New East Digital Archive

Jahnkoy: the New York-based Russian fashion label celebrating a new multiculturalism

Siberian-born designer Maria Kazakova’s fashion label Jahnkoy is about connection and the collective

11 December 2017

Nominated for the LVMH prize in 2017, Jahnkoy’s founder and designer Maria Kazakova defies preconceptions around nationalities and borders. Born in Siberia, she set-up Jahnkoy in New York, a perfect city for the powerful, celebratory energy of anew multiculturalism.

Kazakova’s work is an intricate patchwork of influences, references and material artefacts: reworked sportswear, crystals, plastic bags, soda cans, feathers, little bits from bodega stores, traditional Russian red and white embroidery and the bold shapes of Constructivist slogans. The cryptic name Jahnkoy stands for “New Spirit Village”. Spawned at Parsons School of Design, where Kazakova showed her first collection in 2016, it’s no accident the brand doesn’t bear its founder’s name — from the outset its ethos and goals have been less to do with individual recognition and more to do with uniting people and transcending the world’s borders.

Jahnkoy is clearly about connection and the collective — collective creativity, collective action and collective responsibility.
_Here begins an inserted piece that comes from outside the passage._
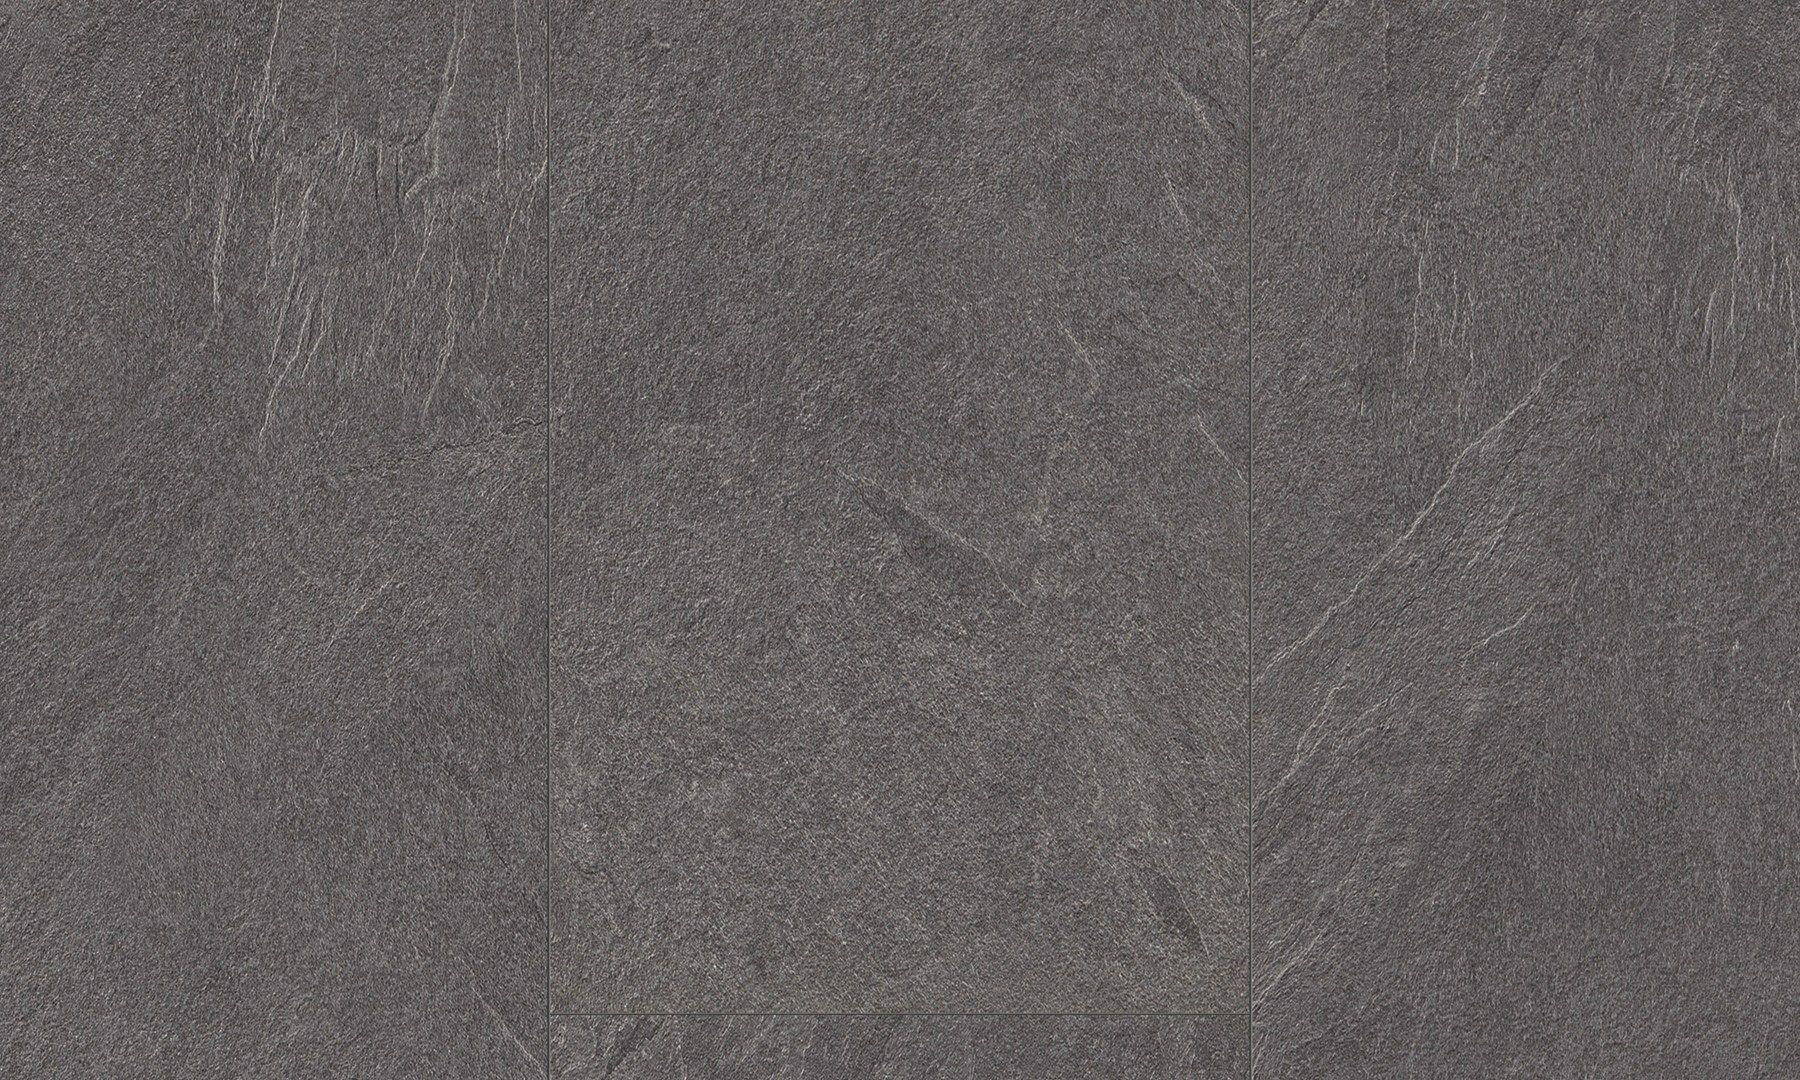 Pavimento laminato effetto pietra by pergo pietra texture e pants

The most recent collection, Displaced, draws on fast fashion and its catastrophic effects — “the donations of Western clothes to the African continent, and the way it brings destruction to artisanal crafts, tradition and culture”. It’s powered by the knowledge that the purchase of a $10 dress in one corner of the world can lead to environmental and cultural crisis in a community thousands of miles away. Jahnkoy is the brand we need not just today, but tomorrow: environmentally conscious, non-conformist and created with a passion for change.